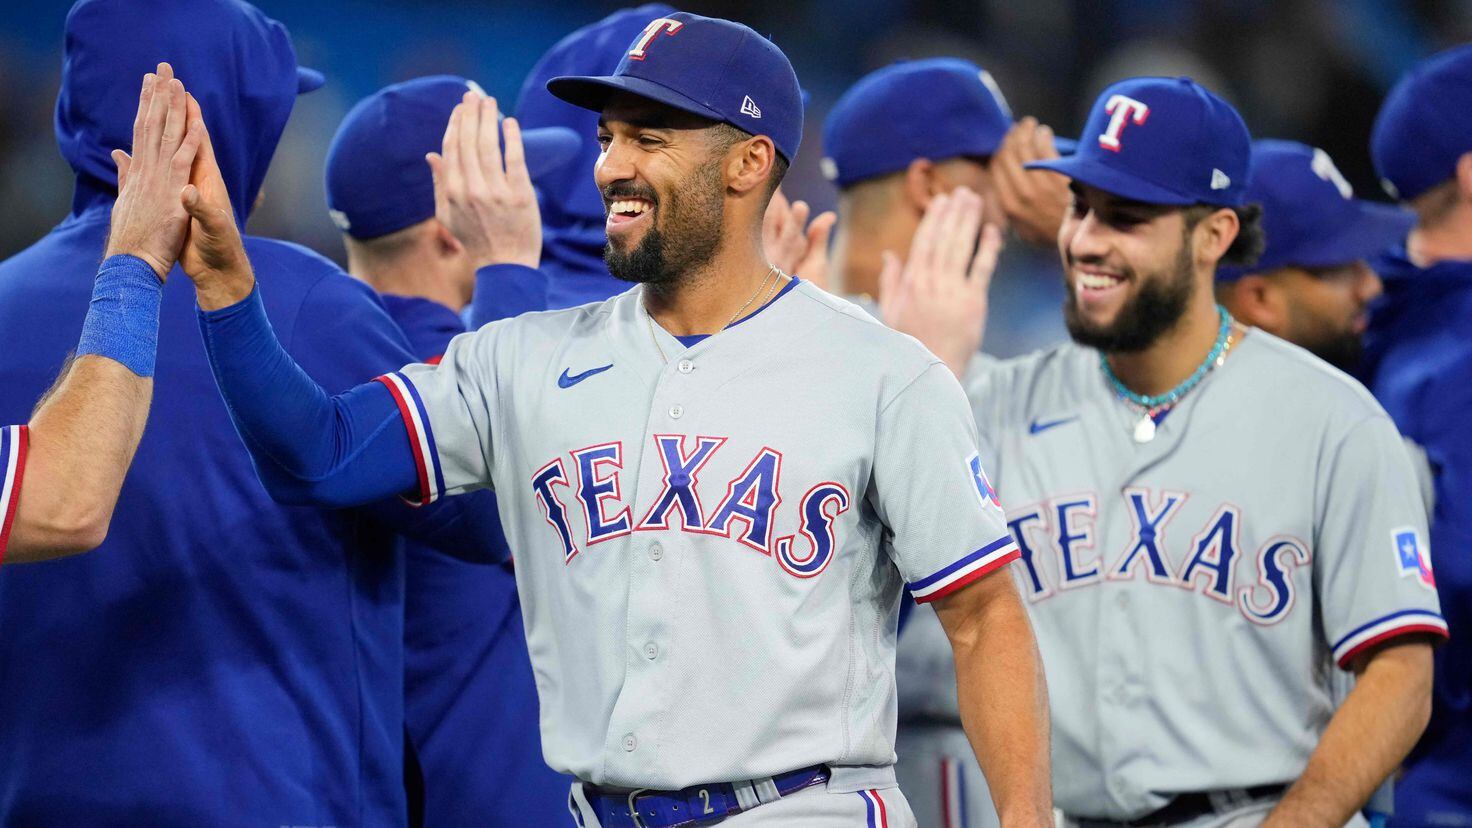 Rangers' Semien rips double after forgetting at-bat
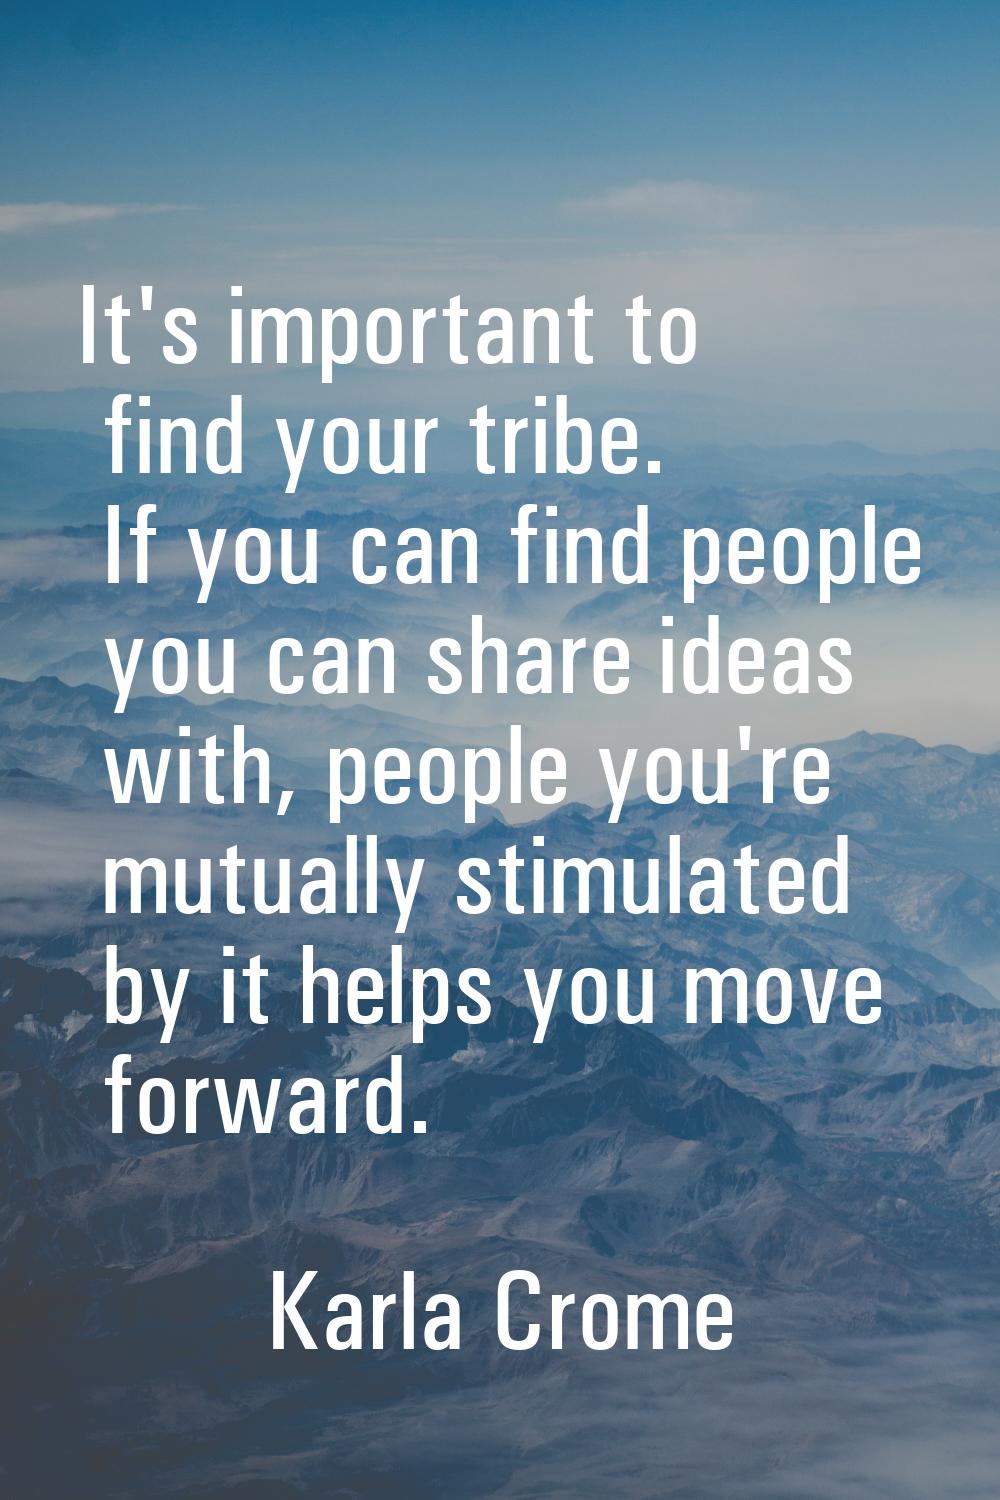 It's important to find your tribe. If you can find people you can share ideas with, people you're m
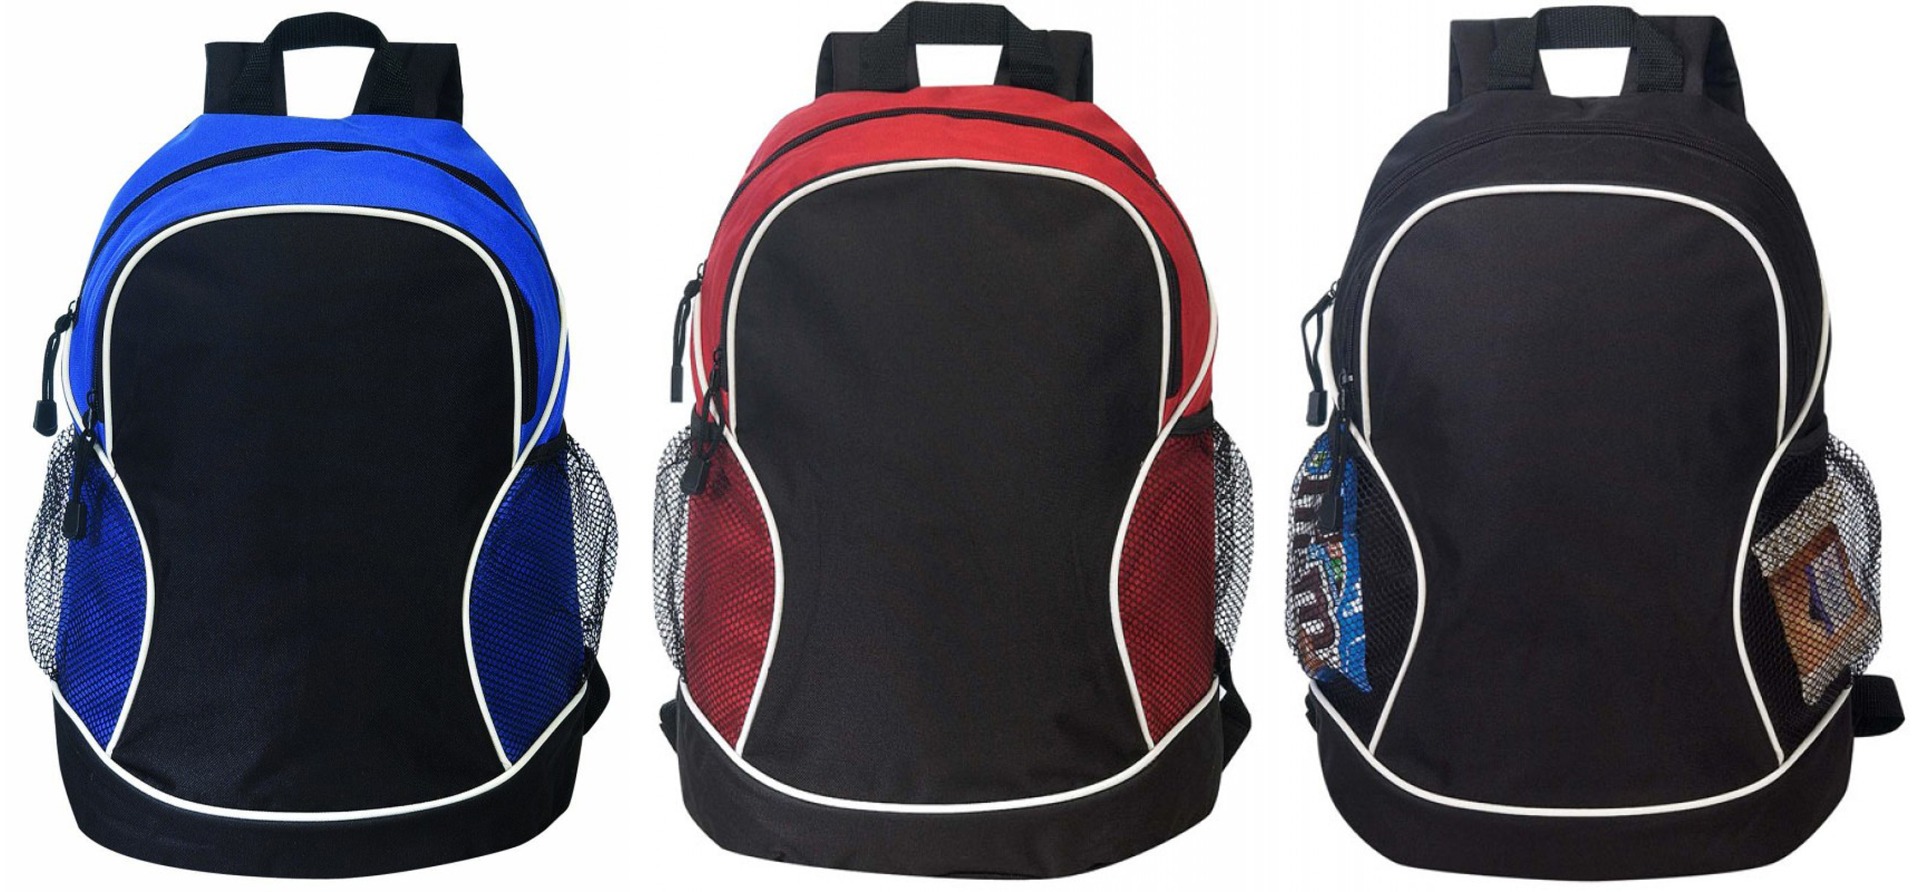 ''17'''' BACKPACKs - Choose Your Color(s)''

**********

- [What is being asked] The answer should contain every line of the material exactly as written and no pictures.

- [Output for this task]
 Rangers' Semien rips double after forgetting at-bat
 It's important to find your tribe. If you can find people you can share ideas with, people you're m
 ''17'''' BACKPACKs - Choose Your Color(s)''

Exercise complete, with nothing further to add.